If you use lucli from the command line (download the latest Lucene source and it's in the contrib directory), you can use the "explain" command to get Lucene to explain why it has scored it so highly.
It'll come out with something like this:
---------------- 2 score:0.6089077---------------------
(blah blah your document)
Explanation:4.260467 = (MATCH) sum of:
0.59024054 = (MATCH) weight(description:warwick in 276780), product of:
0.05595057 = queryWeight(description:warwick), product of:
5.2746606 = idf(docFreq=13531, numDocs=843621)
0.010607426 = queryNorm
10.549321 = (MATCH) fieldWeight(description:warwick in 276780), product of:
1.0 = tf(termFreq(description:warwick)=1)
5.2746606 = idf(docFreq=13531, numDocs=843621)
2.0 = fieldNorm(field=description, doc=276780)
0.832554 = (MATCH) weight(keywords:warwick in 276780), product of:
0.066450186 = queryWeight(keywords:warwick), product of:
6.264497 = idf(docFreq=5028, numDocs=843621)
0.010607426 = queryNorm
12.528994 = (MATCH) fieldWeight(keywords:warwick in 276780), product of:
1.0 = tf(termFreq(keywords:warwick)=1)
6.264497 = idf(docFreq=5028, numDocs=843621)
2.0 = fieldNorm(field=keywords, doc=276780)
0.19180772 = (MATCH) weight(url:warwick in 276780), product of:
0.048220757 = queryWeight(url:warwick), product of:
4.5459433 = idf(docFreq=28043, numDocs=843621)
0.010607426 = queryNorm
3.9777002 = (MATCH) fieldWeight(url:warwick in 276780), product of:
1.0 = tf(termFreq(url:warwick)=1)
4.5459433 = idf(docFreq=28043, numDocs=843621)
0.875 = fieldNorm(field=url, doc=276780)
0.023709858 = (MATCH) weight(content:warwick in 276780), product of:
0.03373665 = queryWeight(content:warwick), product of:
3.1804748 = idf(docFreq=109863, numDocs=843621)
0.010607426 = queryNorm
0.7027923 = (MATCH) fieldWeight(content:warwick in 276780), product of:
1.4142135 = tf(termFreq(content:warwick)=2)
3.1804748 = idf(docFreq=109863, numDocs=843621)
0.15625 = fieldNorm(field=content, doc=276780)

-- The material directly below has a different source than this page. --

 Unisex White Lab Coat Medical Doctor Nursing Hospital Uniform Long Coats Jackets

0.46163678 = (MATCH) weight(siteDescription:warwick in 276780), product of:
0.0494812 = queryWeight(siteDescription:warwick), product of:
4.6647696 = idf(docFreq=24901, numDocs=843621)
0.010607426 = queryNorm
9.329539 = (MATCH) fieldWeight(siteDescription:warwick in 276780), product of:
1.0 = tf(termFreq(siteDescription:warwick)=1)

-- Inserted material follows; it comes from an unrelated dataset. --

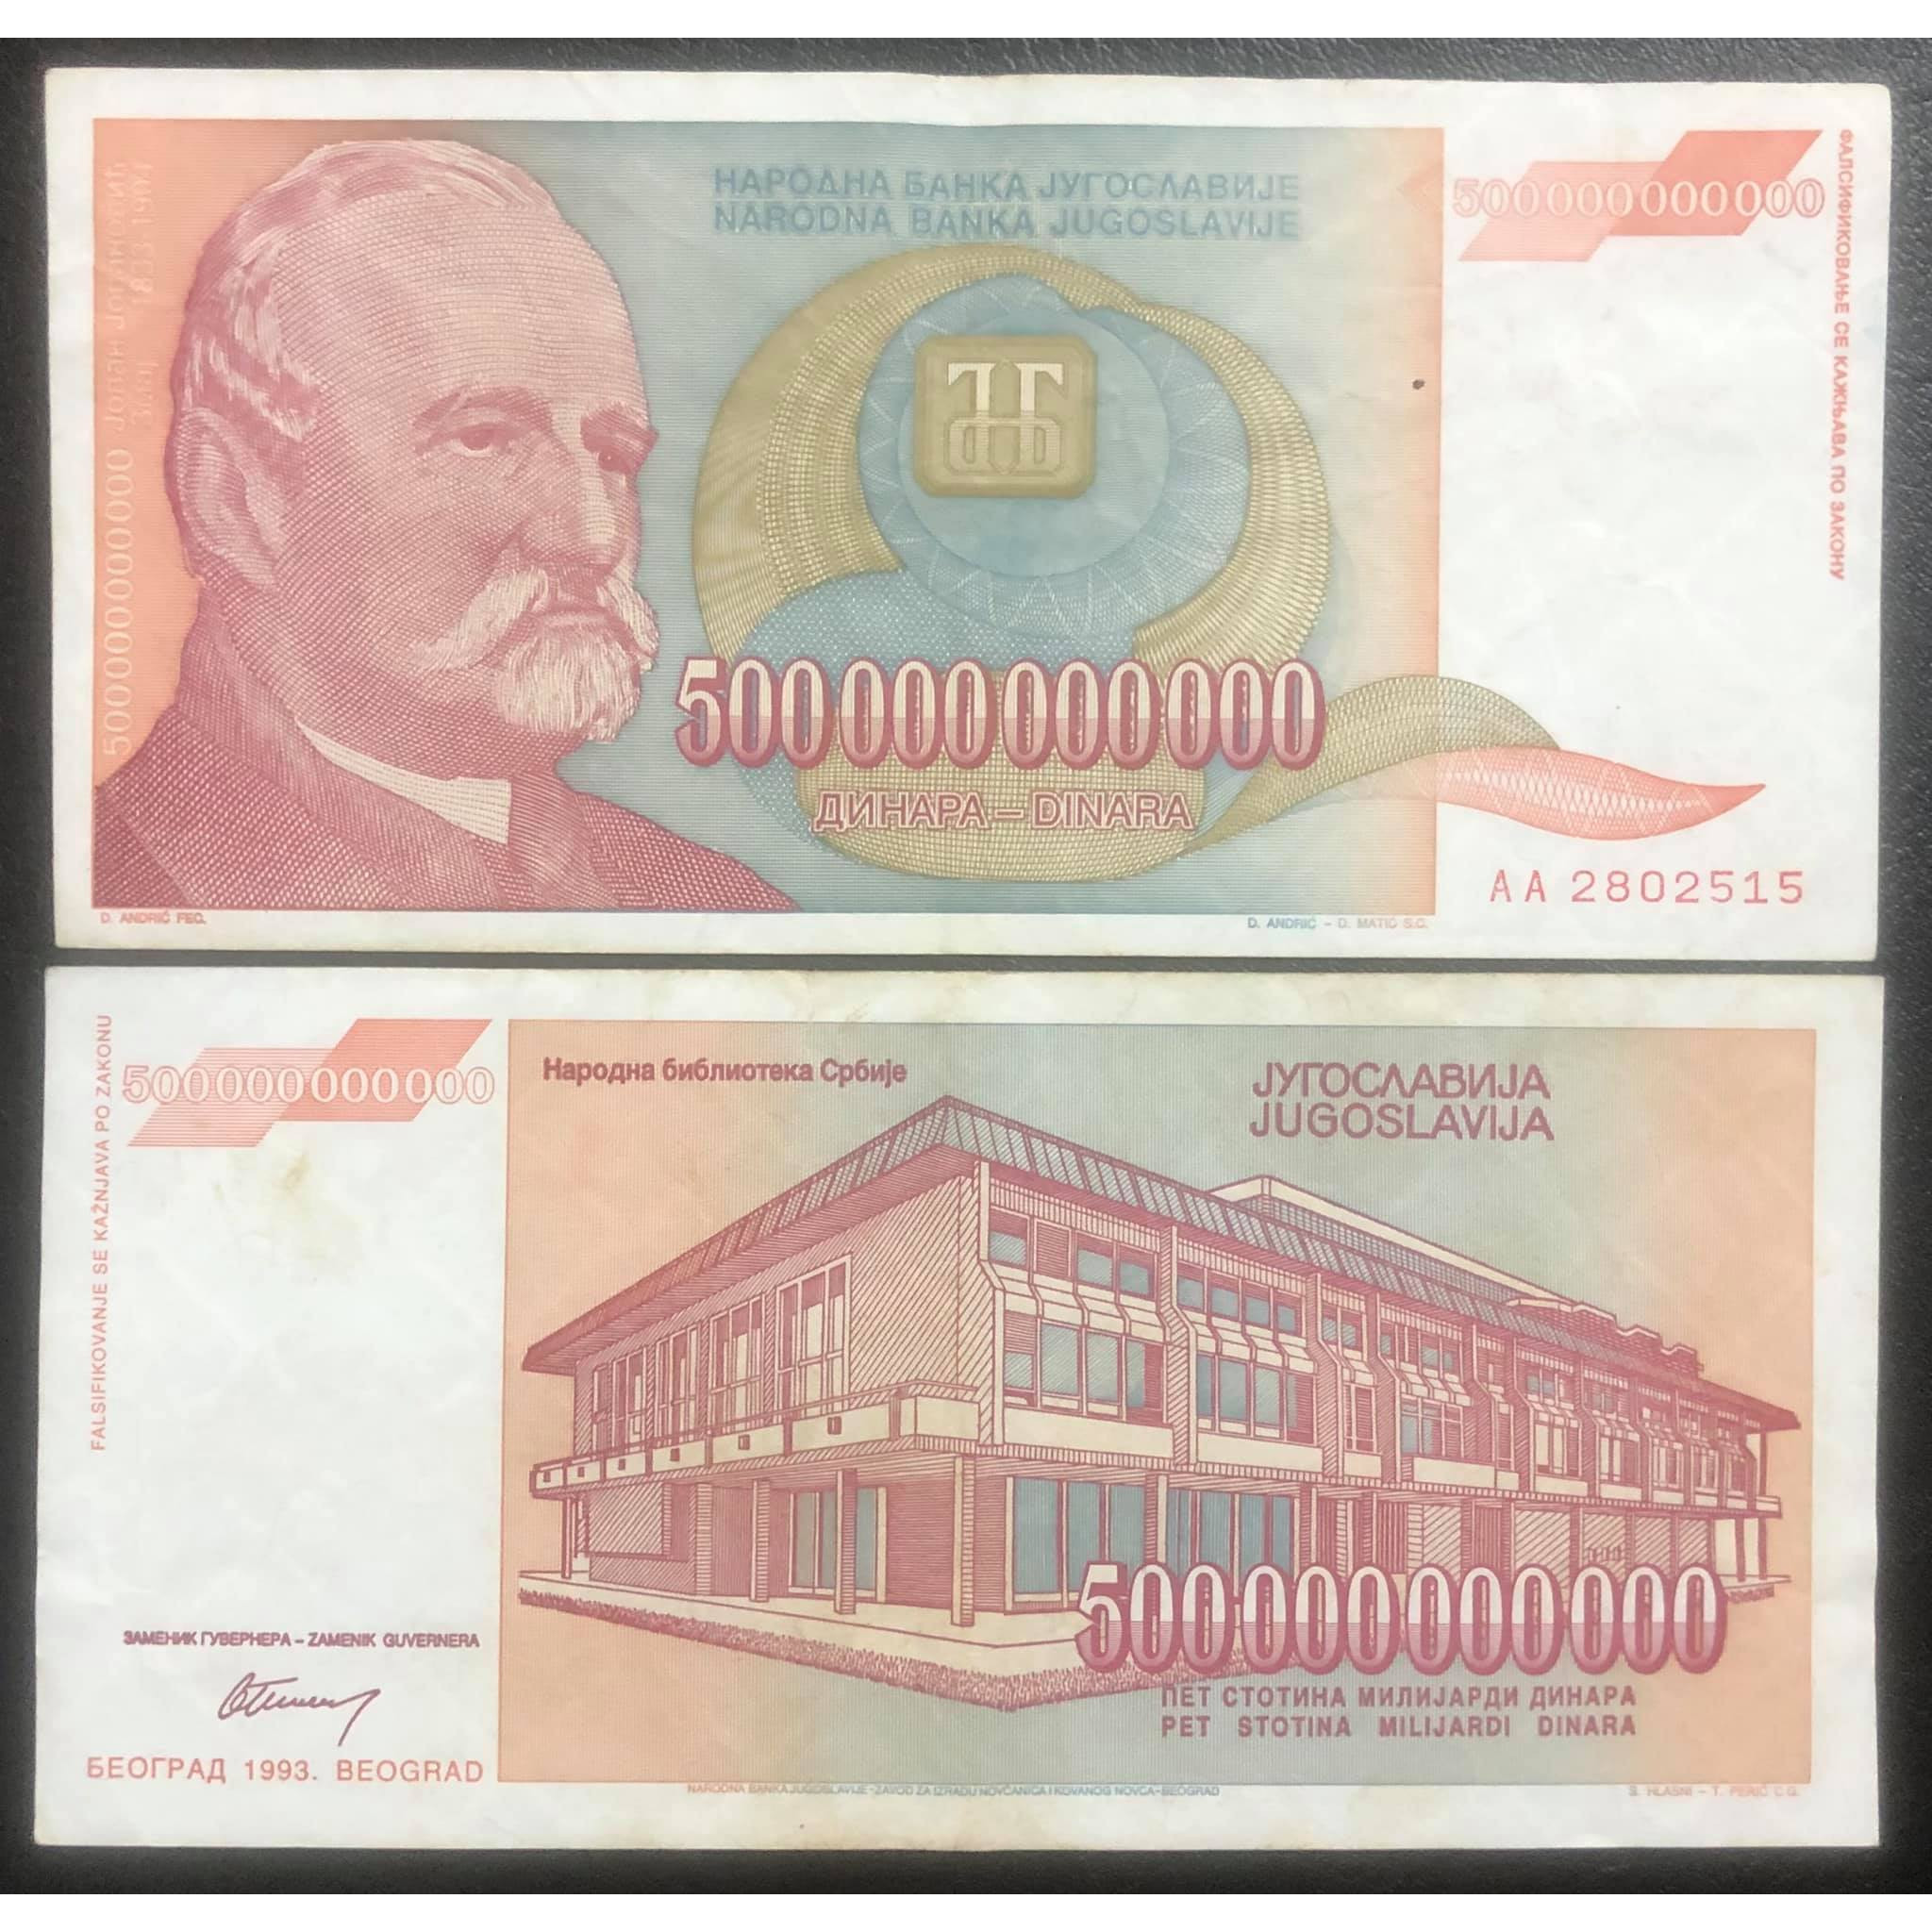 Tờ tiền 500 tỷ Nam Tư mệnh giá lạm phát lớn nhất, quốc gia không còn tồn tại

4.6647696 = idf(docFreq=24901, numDocs=843621)
2.0 = fieldNorm(field=siteDescription, doc=276780)
0.96127754 = (MATCH) weight(siteUrl:warwick in 276780), product of:
0.10097861 = queryWeight(siteUrl:warwick), product of:
9.519615 = idf(docFreq=193, numDocs=843621)
0.010607426 = queryNorm
9.519615 = (MATCH) fieldWeight(siteUrl:warwick in 276780), product of:
1.0 = tf(termFreq(siteUrl:warwick)=1)
9.519615 = idf(docFreq=193, numDocs=843621)

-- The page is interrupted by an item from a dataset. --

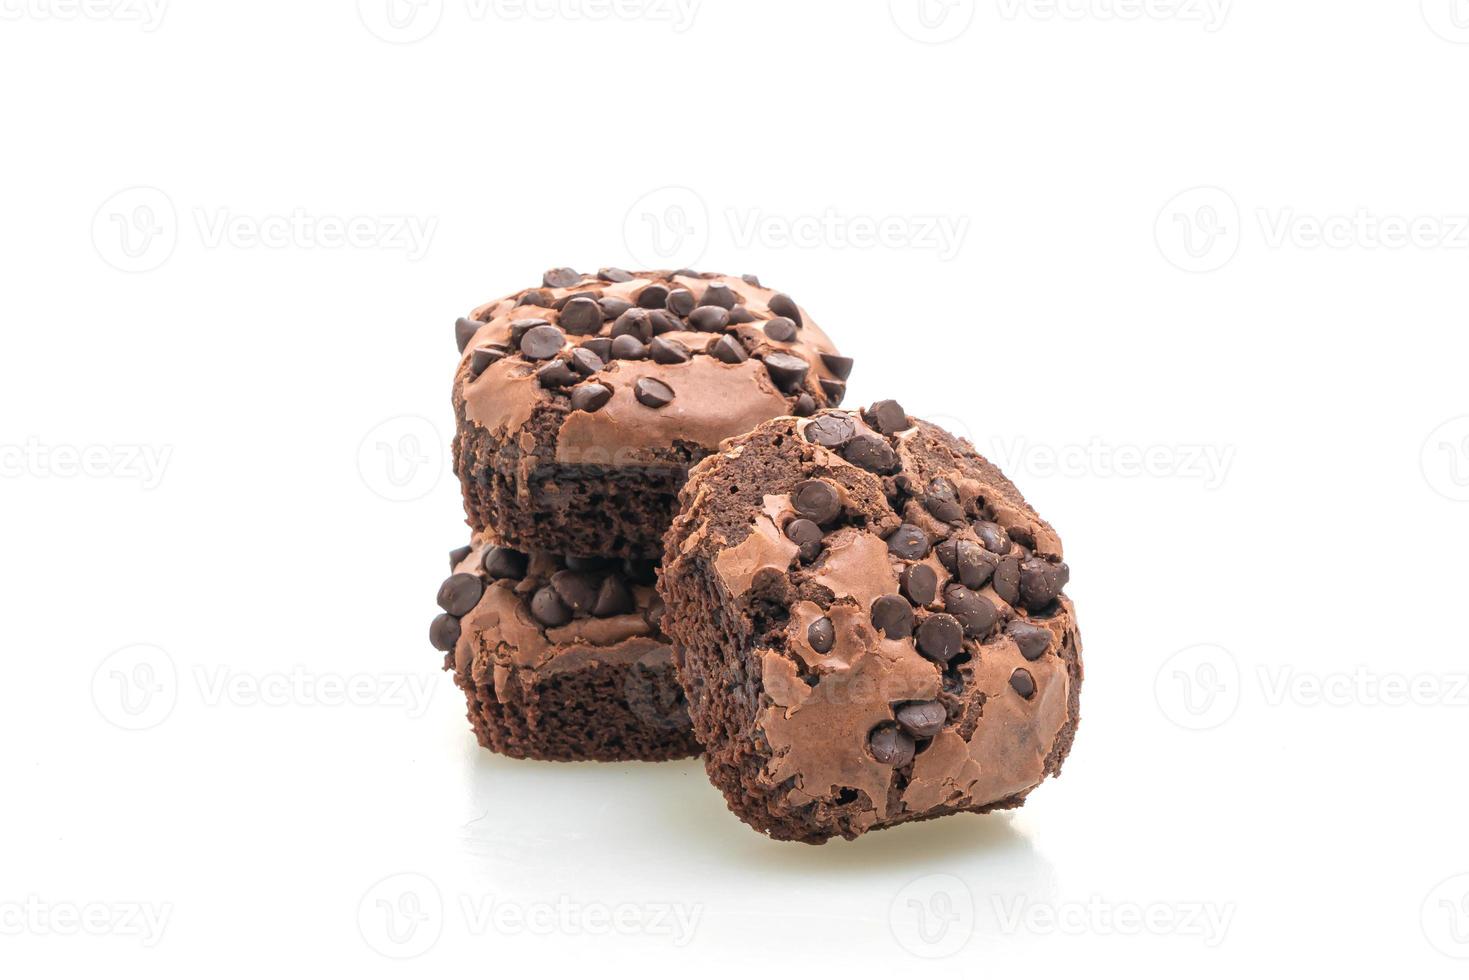 Brownies al cioccolato fondente con gocce di cioccolato sopra foto

1.0 = fieldNorm(field=siteUrl, doc=276780)
0.62917286 = (MATCH) weight(title:warwick in 276780), product of:
0.05776636 = queryWeight(title:warwick), product of:
5.4458413 = idf(docFreq=11402, numDocs=843621)
0.010607426 = queryNorm
10.891683 = (MATCH) fieldWeight(title:warwick in 276780), product of:
1.0 = tf(termFreq(title:warwick)=1)
5.4458413 = idf(docFreq=11402, numDocs=843621)
2.0 = fieldNorm(field=title, doc=276780)
0.57006776 = (MATCH) weight(second_title:warwick in 276780), product of:
0.05498614 = queryWeight(second_title:warwick), product of:
5.18374 = idf(docFreq=14819, numDocs=843621)
0.010607426 = queryNorm
10.36748 = (MATCH) fieldWeight(second_title:warwick in 276780), product of:
1.0 = tf(termFreq(second_title:warwick)=1)
5.18374 = idf(docFreq=14819, numDocs=843621)
2.0 = fieldNorm(field=second_title, doc=276780)
(Sorry, I only had a big index to get an example off, not a simple one!)
I will change the query as follows.
(my AND name) OR "my name"
Here, the additional phrase query adds to the score whenever there is a phrase match. In case, the document has "my first name" as the content, the phrase query will not result into any additional score. But the document with content "my name" will have the additional score and show up at the top.
Here, I am assuming length normalization is ignored.